Judicial constructions of standing under section 4 have keyed on the phrases “business or property” and “by reason of” as indicating twin requisites for standing. First, a plaintiff must allege injury to his “business or property”, a term definitively limited to interests in commercial ventures or enterprises : “the words ‘business or property’ . . . refer to commercial interests or enterprises.” Hawaii, supra at 264, 92 S.Ct. at 892. See Control Data Corp. v. IBM, 306 F.Supp. 839, 845 (D.Minn.1969) (corporate plaintiff not in legal existence at time of antitrust violation is without commercial injury). Secondly, a plaintiff must allege that the injury suffered was occasioned “by reason of” an antitrust violation. Hawaii, supra at 263-264 n.14, 92 S.Ct. 885.
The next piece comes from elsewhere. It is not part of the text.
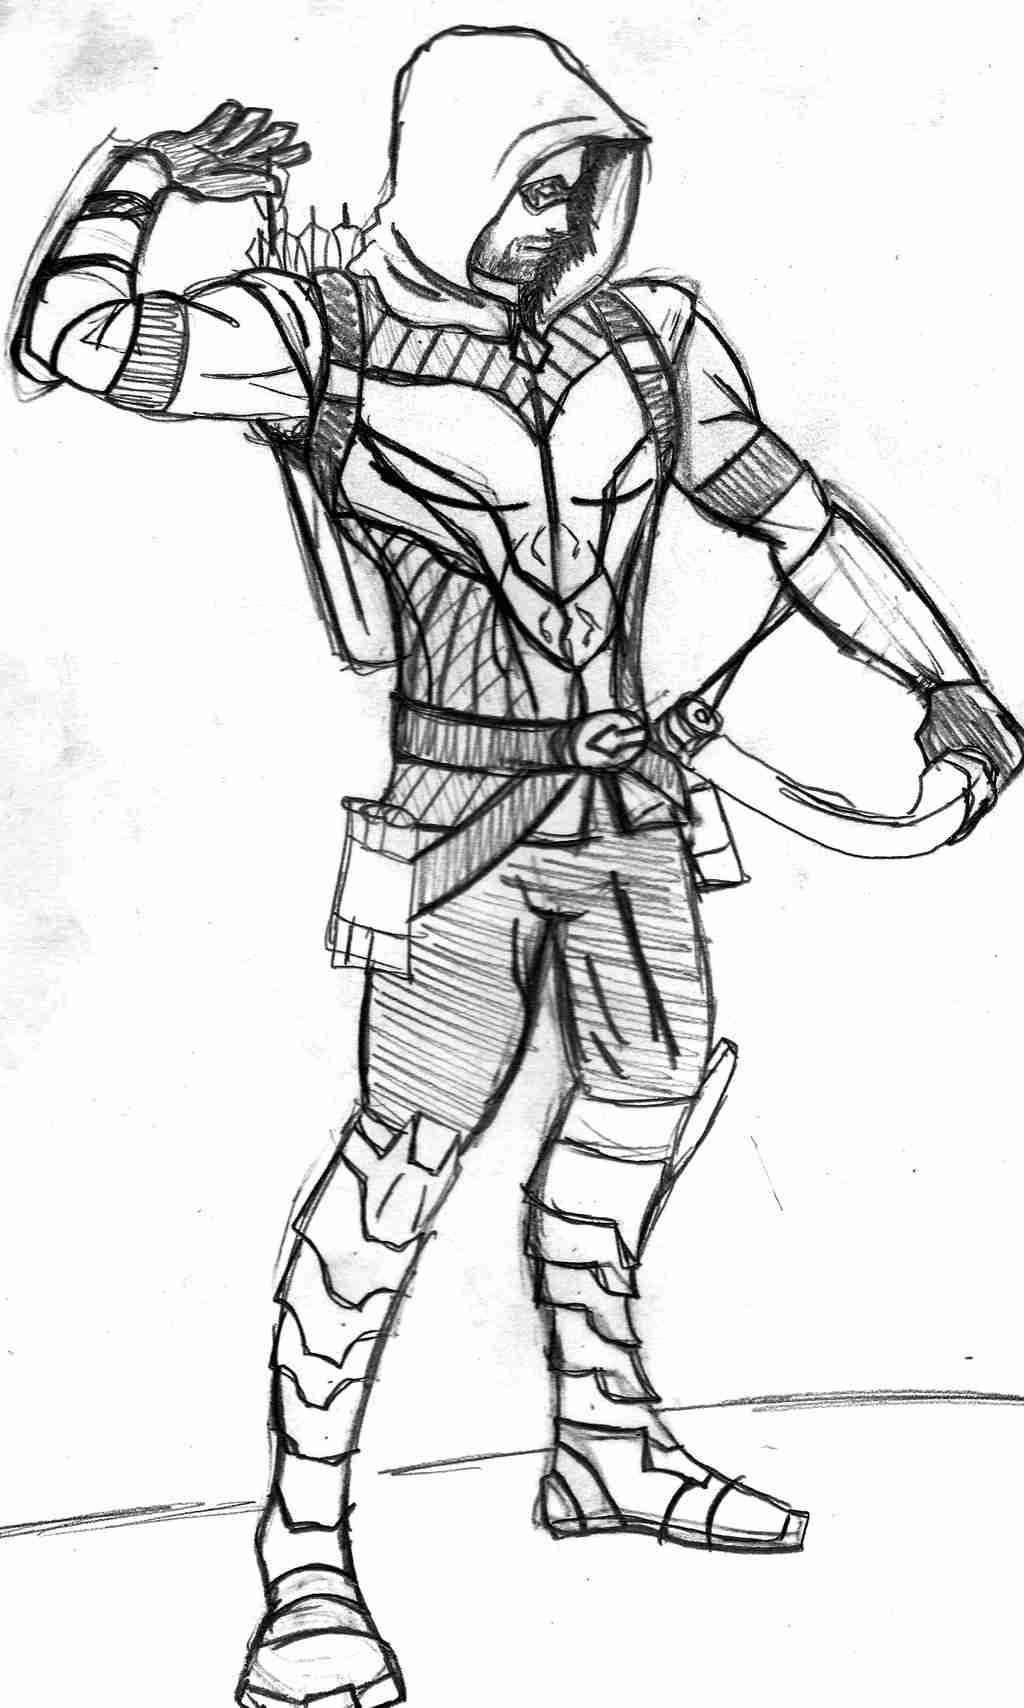 Green Arrow Printable Coloring Pages at GetColoringscom

Applying the first predicate, since neither the government’s individual claims, nor their class claims, nor their parens patriae claims allege any injury to commercial ventures or enterprises, the governmental entities cannot seek recovery under section 4 of the Clayton Act. In contrast, the farmers satisfy the first requisite, since a diminished crop yield, for example, would constitute injury to commercial interests.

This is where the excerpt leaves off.